4日目
大きな着信音に少し怯えながら、僕はスマホを手に取った。
思わず手が震え、喉がつっかえる。
そして無意識に僕の指は、着信拒否のボタンをスライドしていた。
「……ッ」
体が震える。目を思いきりつぶって、僕はしゃがみこんだ。
体の震えと冷や汗が僕の思考を混乱させた。
頭のなかでは、まだあの着信音が鳴り響いている。
「嫌だ……。殺されたくない……。僕は何もしていない。のに、あいつらが……やって来るんだ」
「父さん……母さん……」
自分でも何を言っているのか全く分からなかった。
所詮はただの、僕のうわごとにすぎない。
『キミ、何を言っているのか全然わかんなーい。お姉さんにも、分かりやすいように言ってほしいなぁ?』
突如として、僕の部屋全体からスピーカーを通じて、不快な高い声が響いた。
『ワタシはキミのことよーく知ってる。
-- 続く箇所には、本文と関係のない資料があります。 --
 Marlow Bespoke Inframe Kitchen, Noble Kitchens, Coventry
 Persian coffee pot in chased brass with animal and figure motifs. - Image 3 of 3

けど、キミはワタシのことも皆のことも……』
『ぜーんぶ、忘れちゃったみたい!』
うるさい、黙れ。その金切り声が嫌いなんだ。
口で言おうとしても、何も声は出なかった。
僕は臆病で、からっぽの頭を持つ人間だ。
深呼吸をして立ち上がる。
足元がふらついて、僕は尻餅をついた。
『あははっ! まるで生まれたての羊のようね! こっけいで哀れだわ』
僕は金切り声の女がどこにいないか探してみる。
すると、天井のすみに監視カメラがあることに気づいた。
『キミがどんな反応をするか、これからが楽しみね! じゃあ、アディオース!』
金切り声の女は通信をぶつりと切り、やがて部屋は無音に包まれた。
「あの女……ウザい。けど、部屋から出て……鏡……。あと、僕が僕だと証明できるもの……探す」
僕は灰色と黒のリュックに、裁縫セットやカッターナイフ。
筆箱や包帯を押し込んで、日記に目を向ける。
「監視カメラに、あの金切り声の女……。僕の家じゃない……」
僕は日記に文字を書きなぐり、白いページを黒く染めた。